While parents often spend time getting their children ready for the first day, they mustn't forget to check with their kids after the school bell rings for the new year.
Kindergarten is always a hard time for students and parents, but students going from elementary school to junior high and from junior high to high school can also experience apprehension.
"In junior high and high school, students get all of the physical changes as well as deal with peer pressure and academic changes," Barron explained. "They've got more freedom, but not always the maturity to go along with having the responsibility to handle the new freedoms."
Even students jumping from second to third grade have a difficult time adjusting, Barron pointed out.
"Part of it, for example, may be they're expected to do all of their work in cursive. It might not seem like a big deal to us but for them it's a huge deal," Barron said.
Establishing a good school routine is key to having a successful school year, Barron said.
"Maintaining a calm and positive attitude is really important and parents not overemphasizing going back to school is also important," said Barron.
Debbie Quertermous, middle school counselor for Charleston R-1, said she, too, thinks it's a good idea to stay in a routine during the school year.

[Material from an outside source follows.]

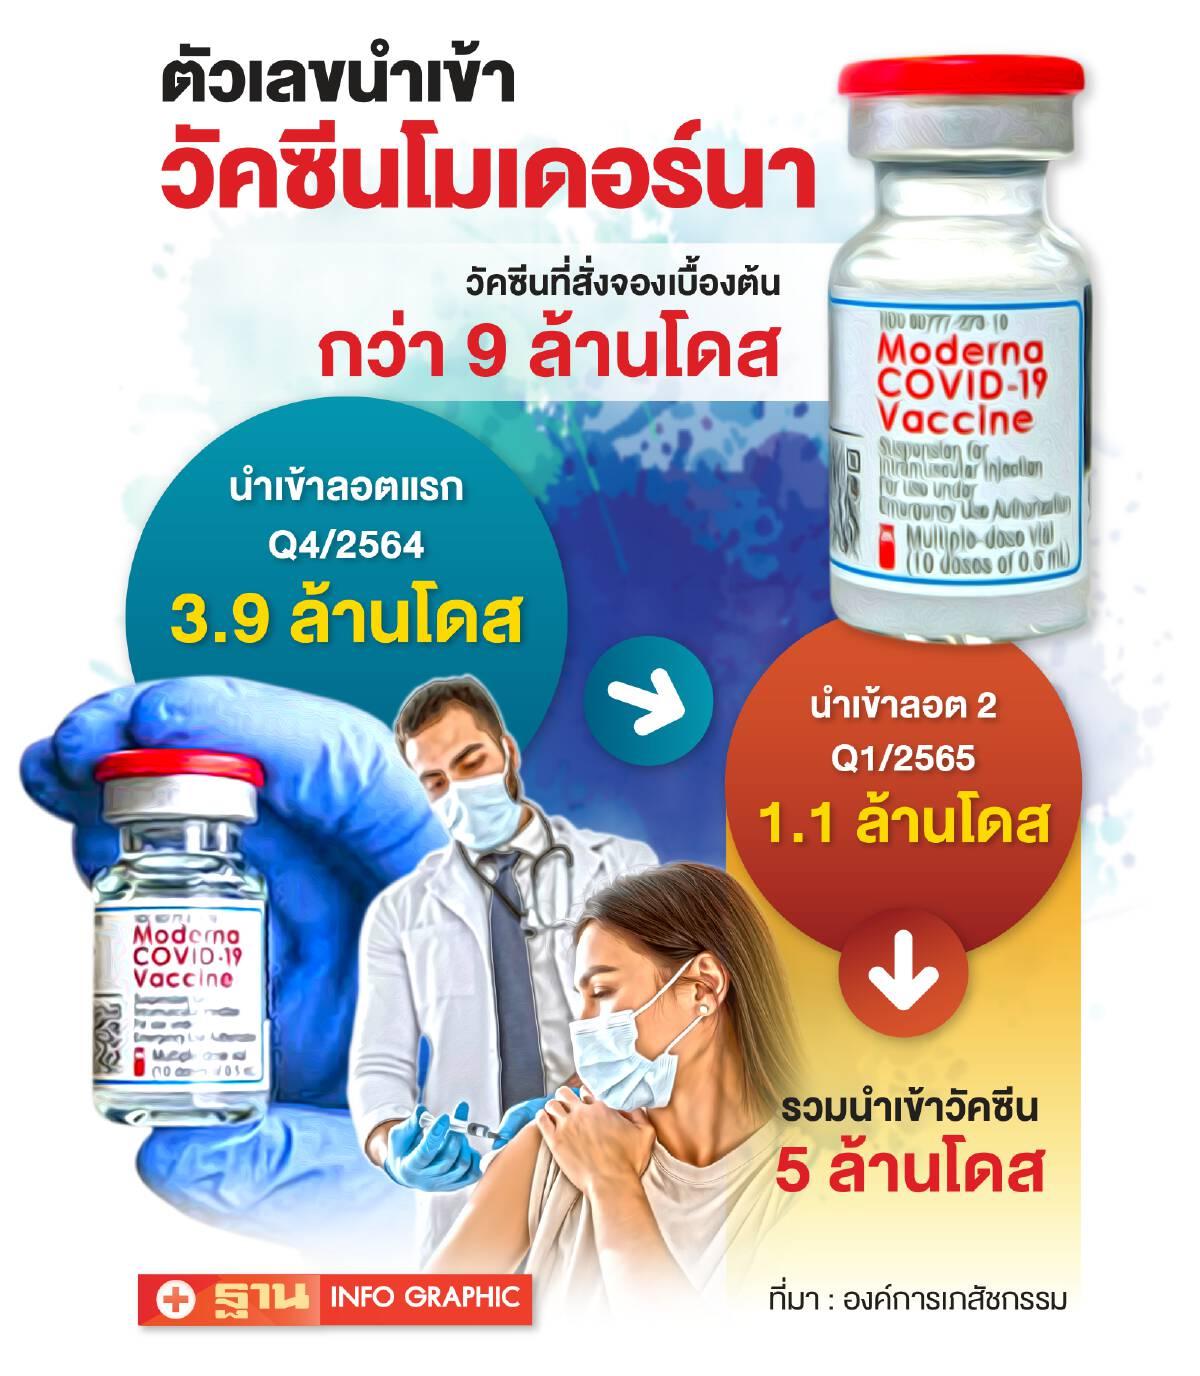 ตัวเลขนำเข้าวัคซีนโมเดอร์นา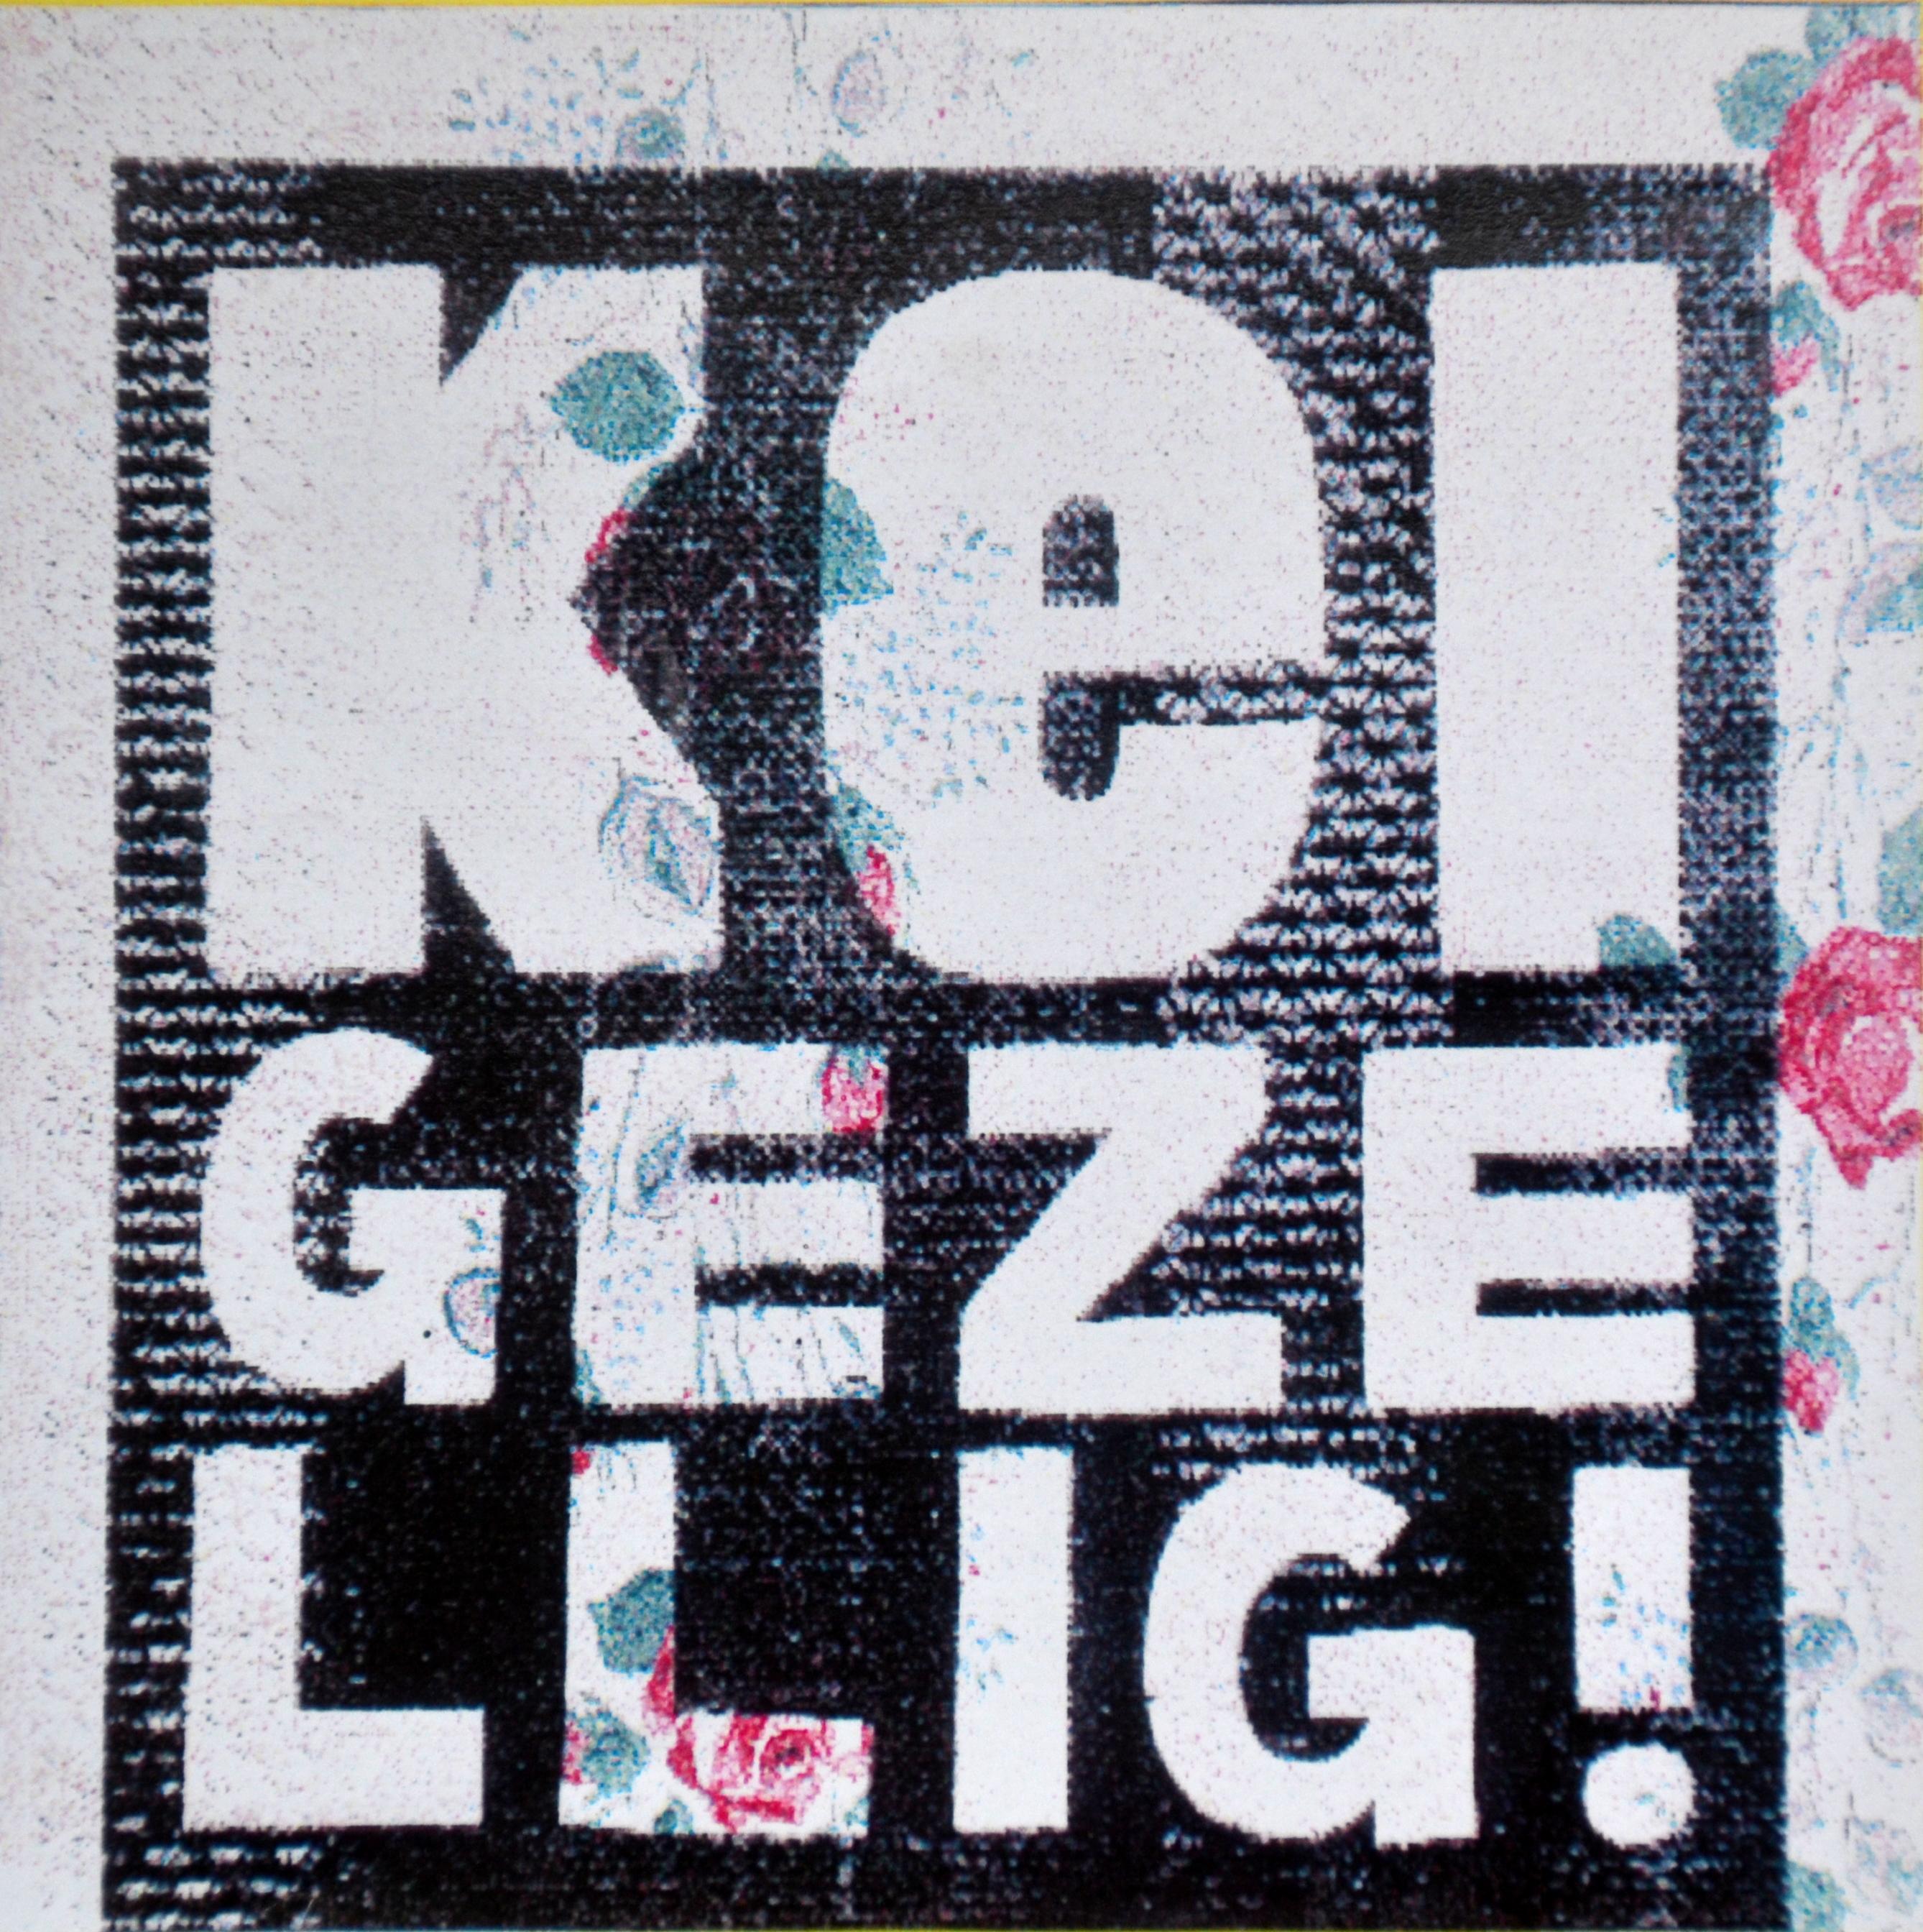 Albumhoes - Kei Gezellig!

"You should try as much as possible to stay in a routine and set a specific time for homework," Quertermous recommended. "It doesn't always have to be done right after school. Sometimes kids need a break. Maybe they work better after supper. It just depends on the individual student."
Sudden illnesses, a change in personality, sleep disturbance, not wanting to eat, not wanting to get up in the morning or crying because they don't want to go to school are all signs of trouble in elementary children.
For junior high and high school students, changes in sleep patterns or behavior or mood changes are often signs of problems, Quertermous said.
"Sometimes kids act out, and that can be a sign of depression in children. Parents may think 'he's misbehaving,' but it can be something else that's bothering them," Quertermous warned.
Luckily, students generally settle into the new school year by Labor Day, Barron said.
Meanwhile, parents who suspect their child is upset about something or simply just to keep the lines of communication open, the counselors recommend asking open-ended questions. For example, parents could ask: What was the best thing that happened at school today? Did you meet any new kids at school? How does it feel to be in a new grade? What do you like about being in your new classroom?
In order to get more than a "fine" reply from a child, Quertermous recommended using specific phrases like "Tell me about your PE class" or "Tell me which teacher you have for your English class."
"Sometimes kids are not even aware of their specific problems. They just know they're nervous or tense, and if they talk about specifics with parents, it can help them be at more ease," Quertermous explained.
Talking to older siblings can also help, "Sometimes that can backfire," Quertermous laughed. "But normally talking to someone who's experienced the same thing can be a good thing."
Many schools have open houses before or after school starts so parents and students can visit with teachers and see the classrooms.
"Teachers should keep in contact with the parents, too," Barron said. "The policy I have is parents are always welcome. It's a team effort, and you should always try to keep it positive."